● Exercise aim
Quote all of the data exactly as given. Skip every picture it contains.
------ The data
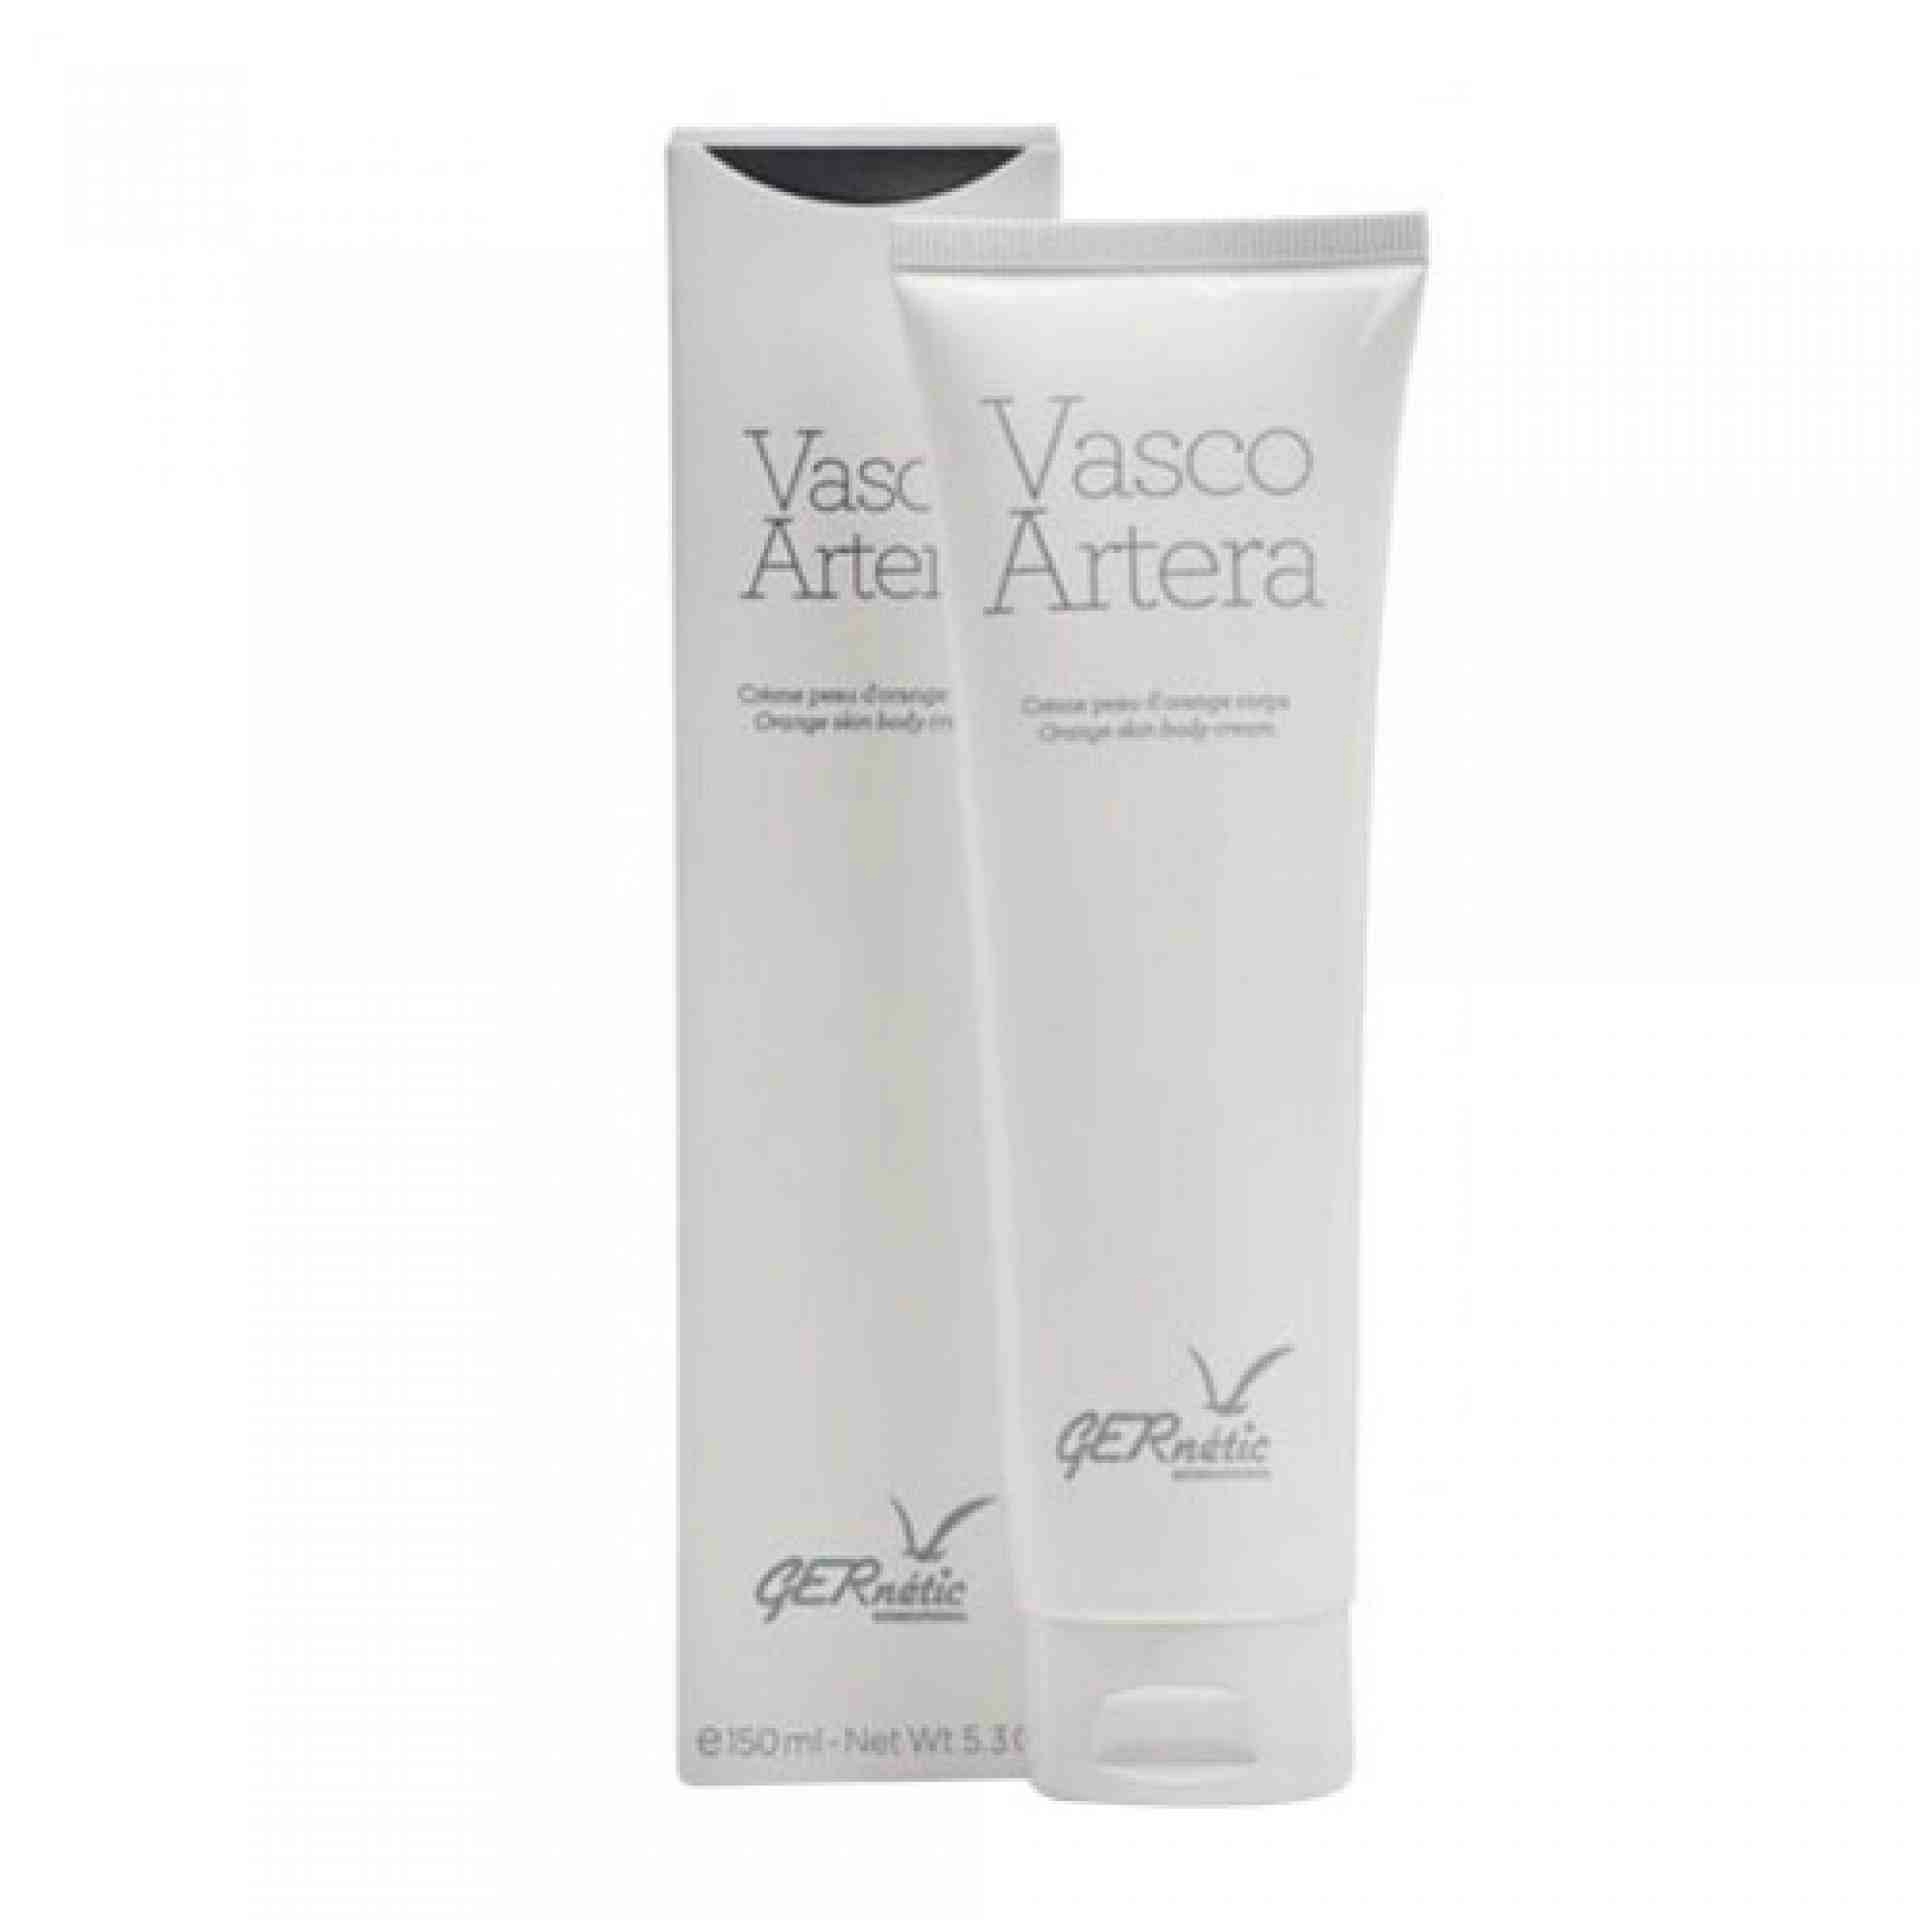 Vasco Artera | Crema anti-celulitis 150ml - Gernetic ®
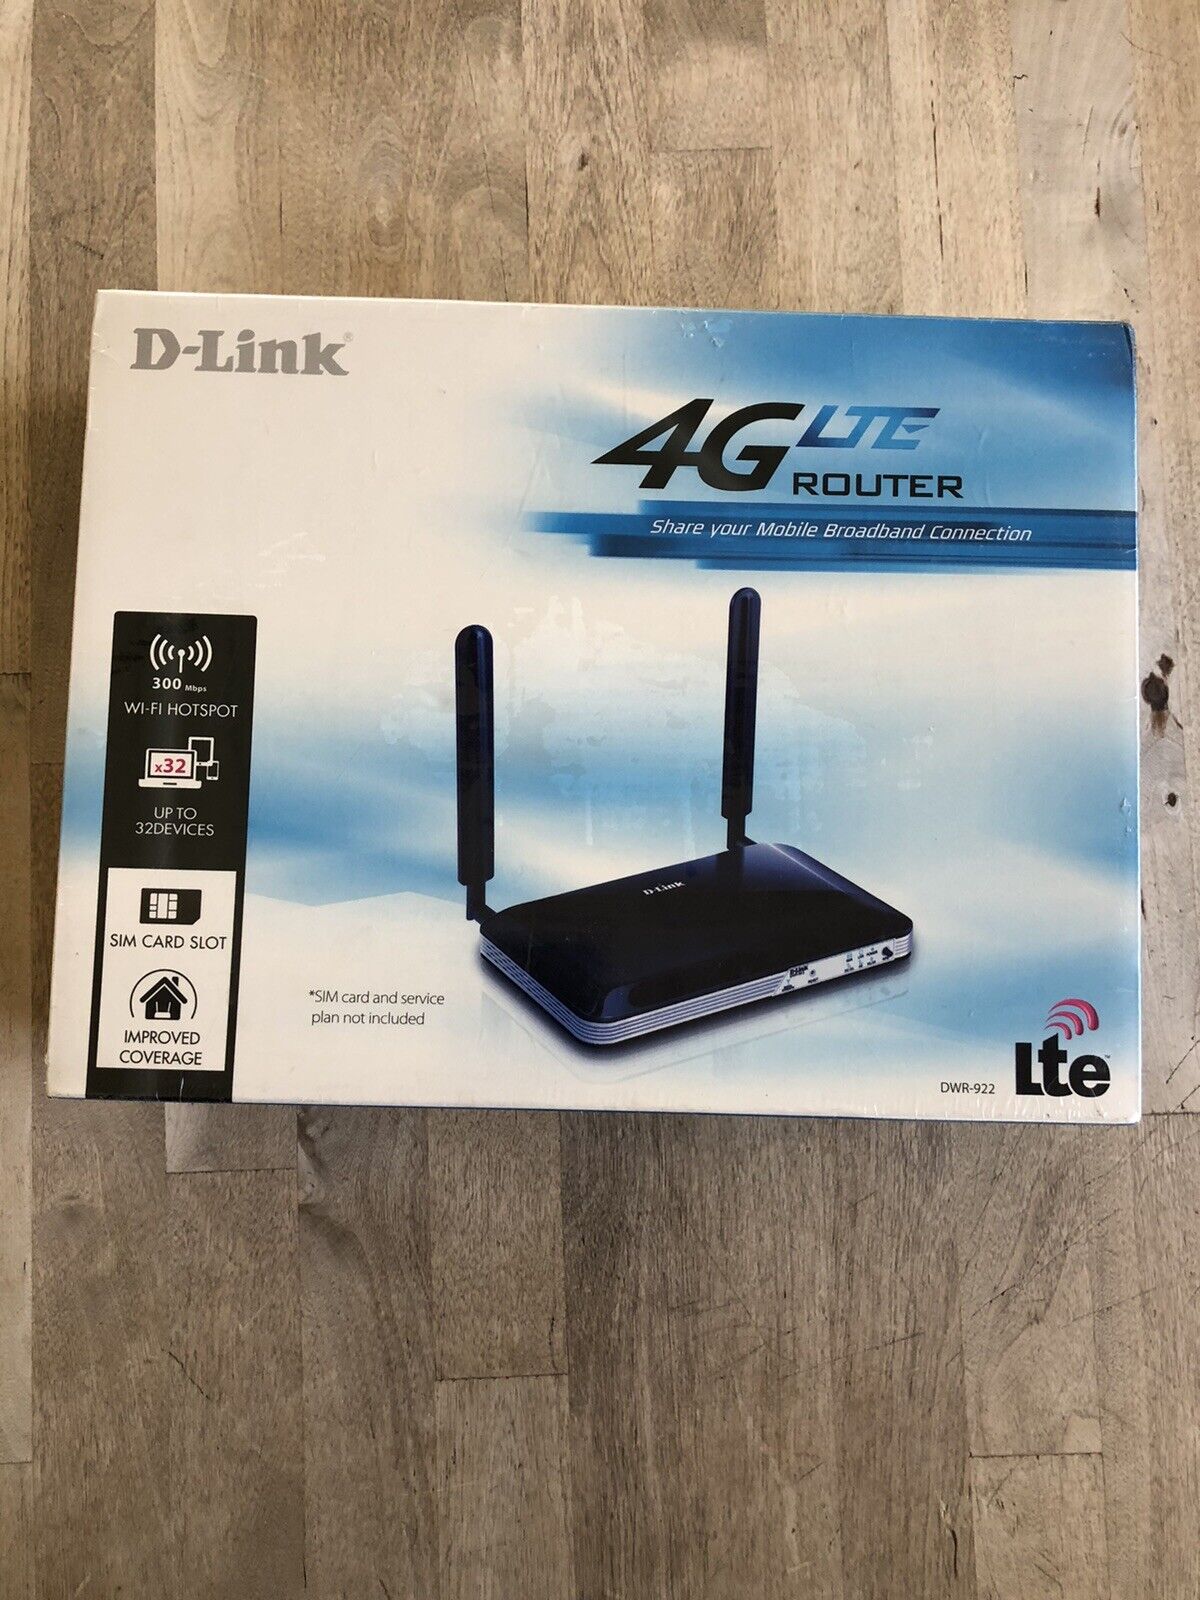 D-link 4G LTE Router 922
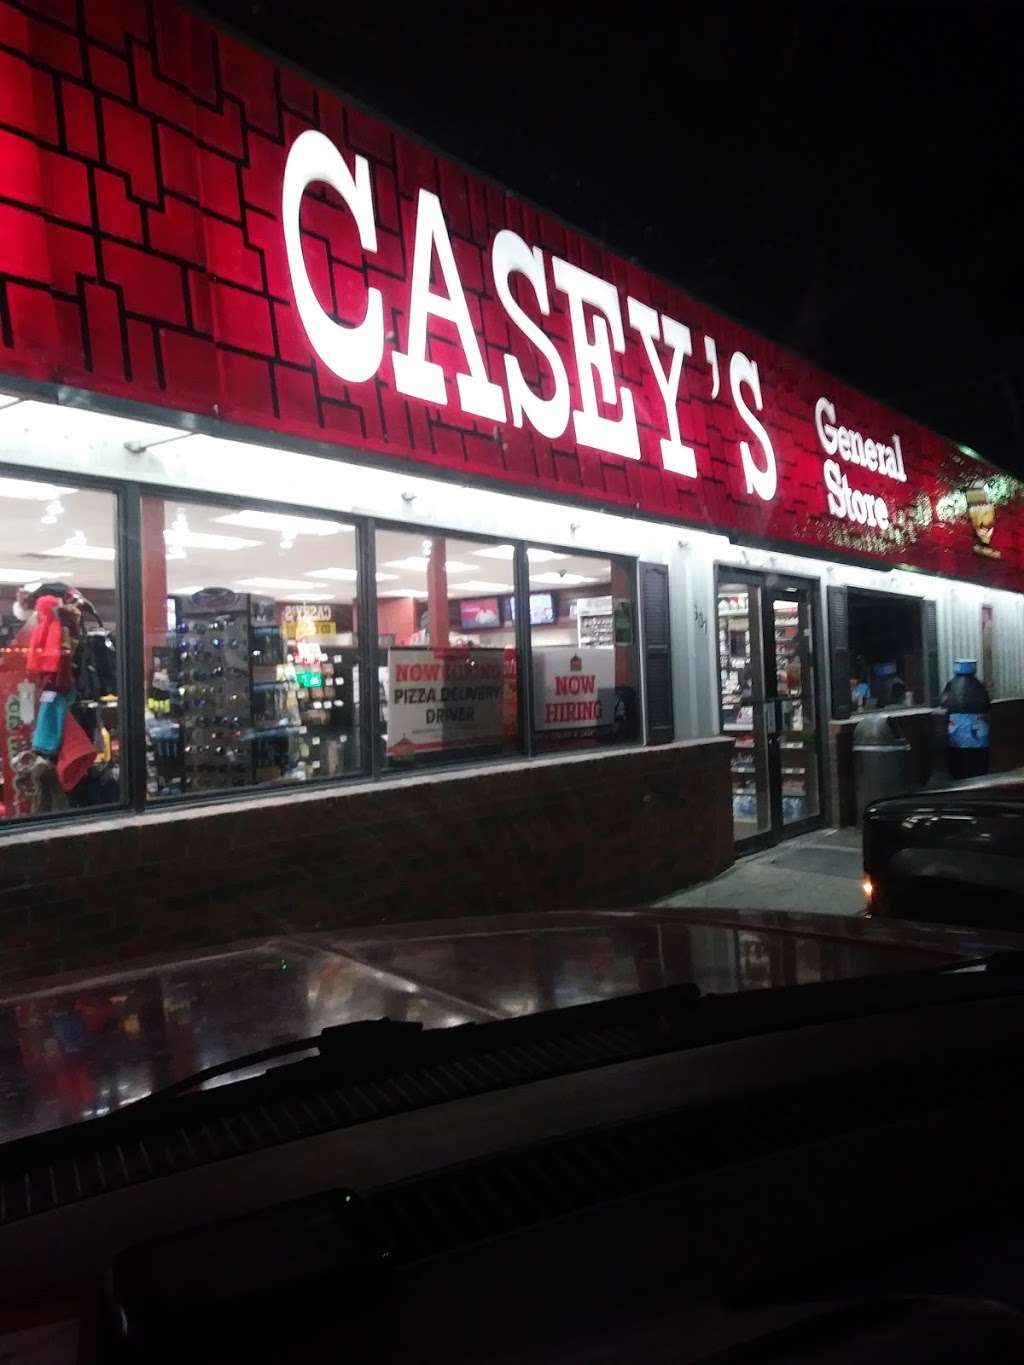 Caseys General Store | 607 N Webster St, Spring Hill, KS 66083 | Phone: (913) 686-2100
------------
● Exercise response
 Vasco Artera | Crema anti-celulitis 150ml - Gernetic ®
 D-link 4G LTE Router 922
 Caseys General Store | 607 N Webster St, Spring Hill, KS 66083 | Phone: (913) 686-2100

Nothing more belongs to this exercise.